Essa diversidade tem seu aspecto virtuoso, sem dúvida. Mas também está sendo habilmente manipulada pelos inimigos da liberdade, que alimentam a cadeia do rancor, transformando a pistolagem industriada, sustentada com dinheiro público, num simulacro de movimento popular ou de movimento social. A imprensa até agora não conseguiu reagir adequadamente e se deixa, às vezes, na melhor das hipóteses, intimidar; na pior, as ditas “redes sociais” se tornam agentes da patrulha do poder.
Atenção! Dunga, o bocudo, não está mancomunado com Lula. Ele já é fruto desse clima do pega-pra-capar, do poder que acredita que não tem de dar satisfações; do ambiente em que o debate e a divergência atrapalham; do elogio da intolerância.
Curiosamente, nunca foram tão diversos os meios de produção e reprodução da notícia; não obstante, o clima raramente foi tão hostil à liberdade de crítica, que é a única liberdade possível. Já que, diante do poder, ninguém precisa ser livre para elogiar. Isso também pode ser feito pelas mentes cativas.
Dunga, Lula etc… Essa gente passa. Eu me interesso é pela narrativa de que eles são meras personagens.
(Publicado no blog de Reinaldo Azevedo)
Entrei para ler algo interessante e, que decepção! Que texto idiota! Além de vazio de conteúdo, bem contraditório, o autor é indigente no estilo e tenta brandir uma erudição que visivelmente não tem. Como dizia o finado Bussunda: “É para gente burra se sentir inteligente”
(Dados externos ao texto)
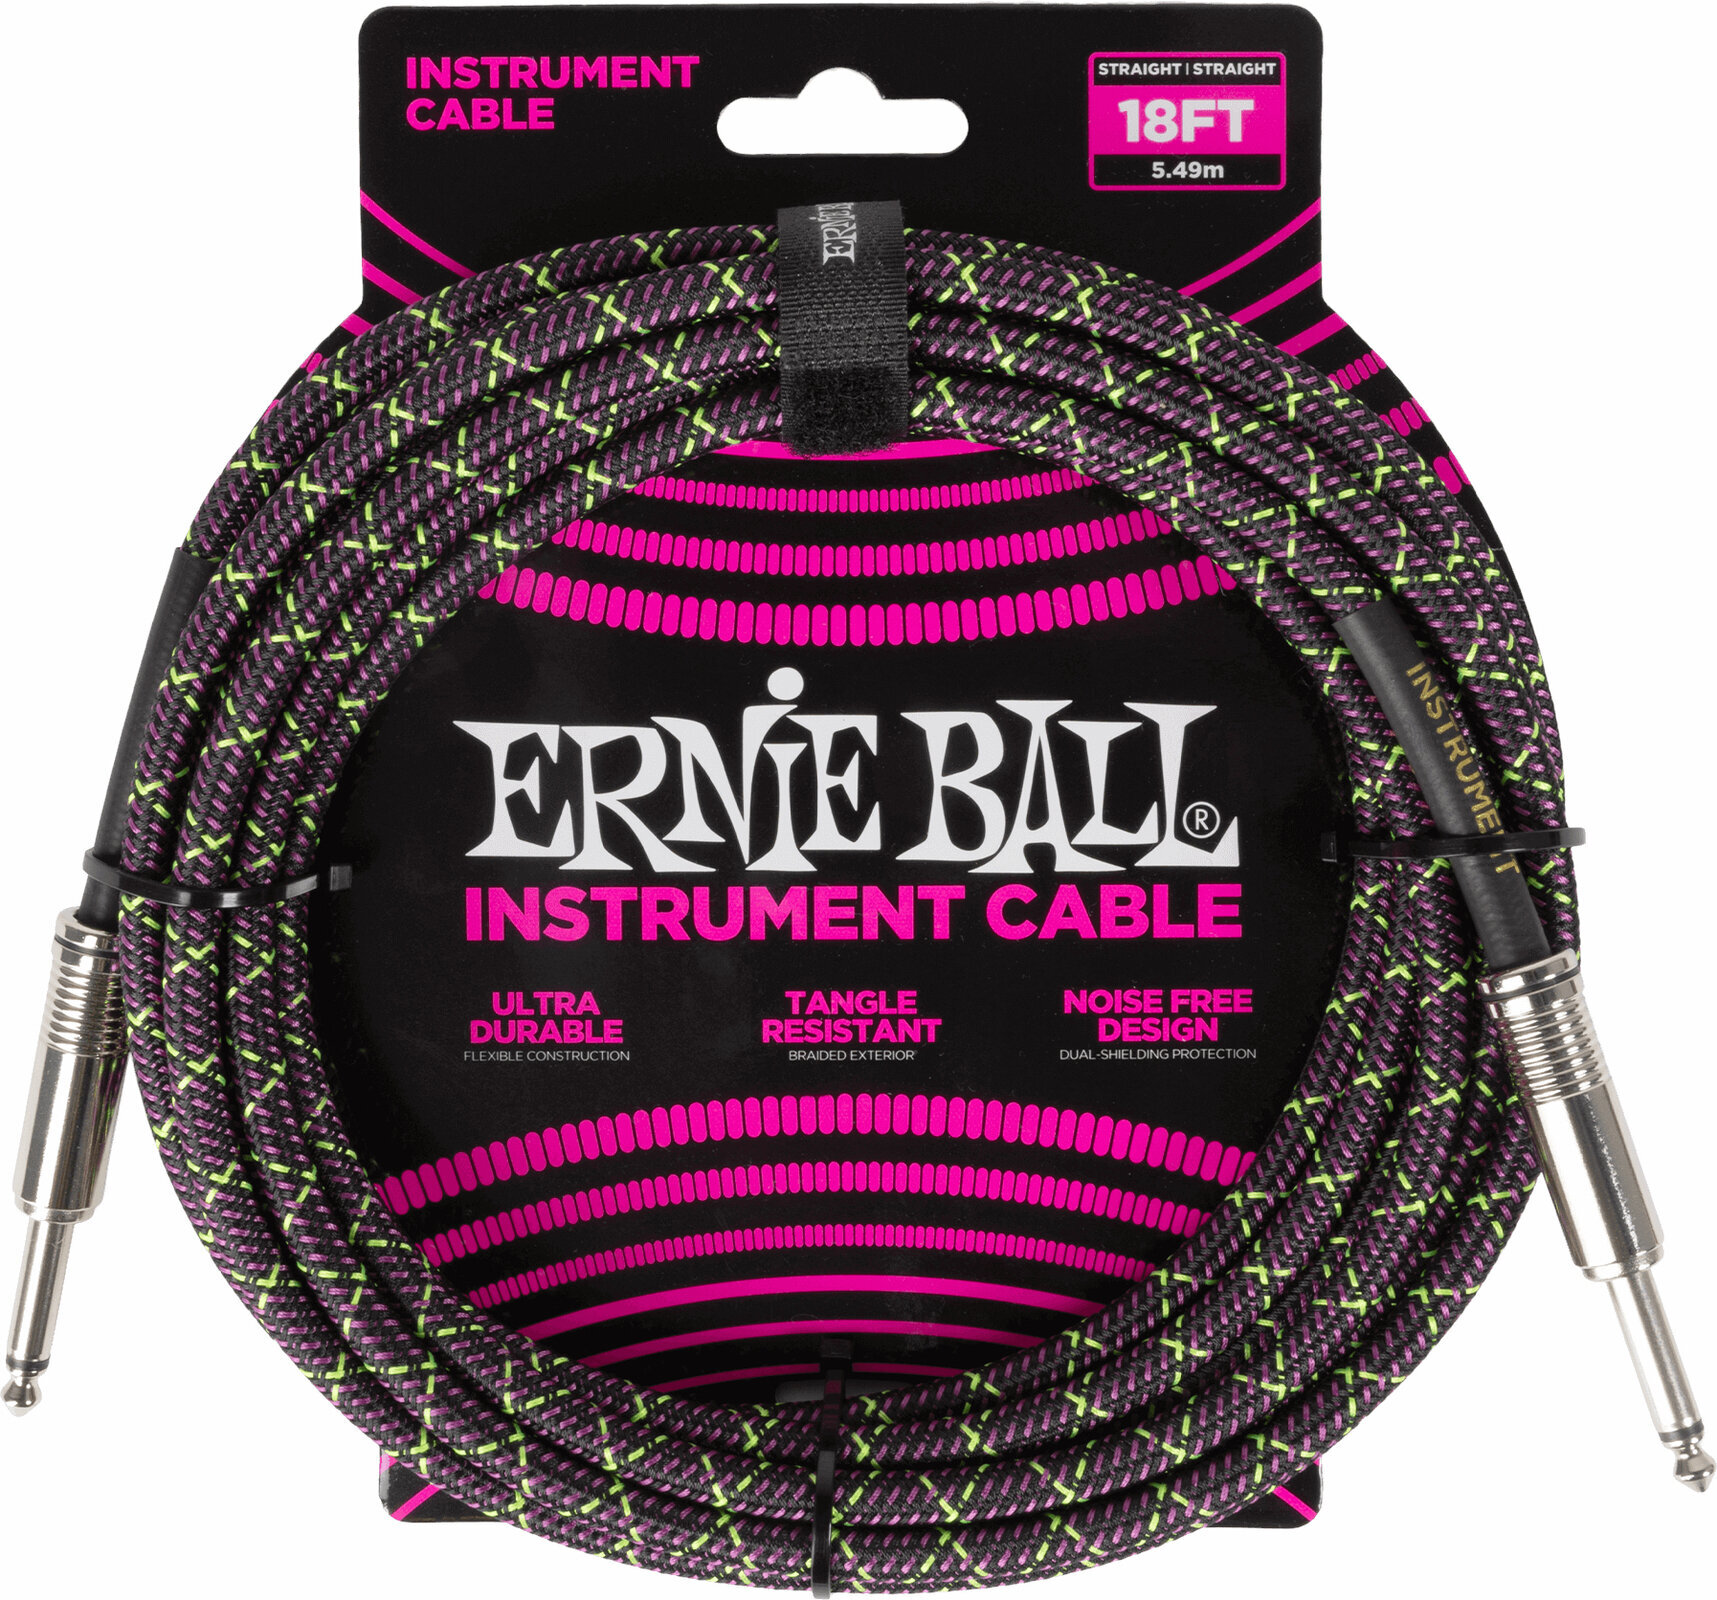 Instrument Cable Ernie Ball Braided Instrument Cable Straight/Straight Violet 5,5 m Straight - Straight

“Como dizia o finado Bussunda: “É para gente burra se sentir inteligente”” O autor do comentário não deixa dúvidas, burrinho que só, não contrapõe nada do que diz o artido, só repete uma frase feita, de um autor (inteligente) que endossaria o artigo – tem como par Marcelo Madureira articulista neste mesmo site e já foi capa da Primeira Leitura do mesmo Reinaldo Azevedo.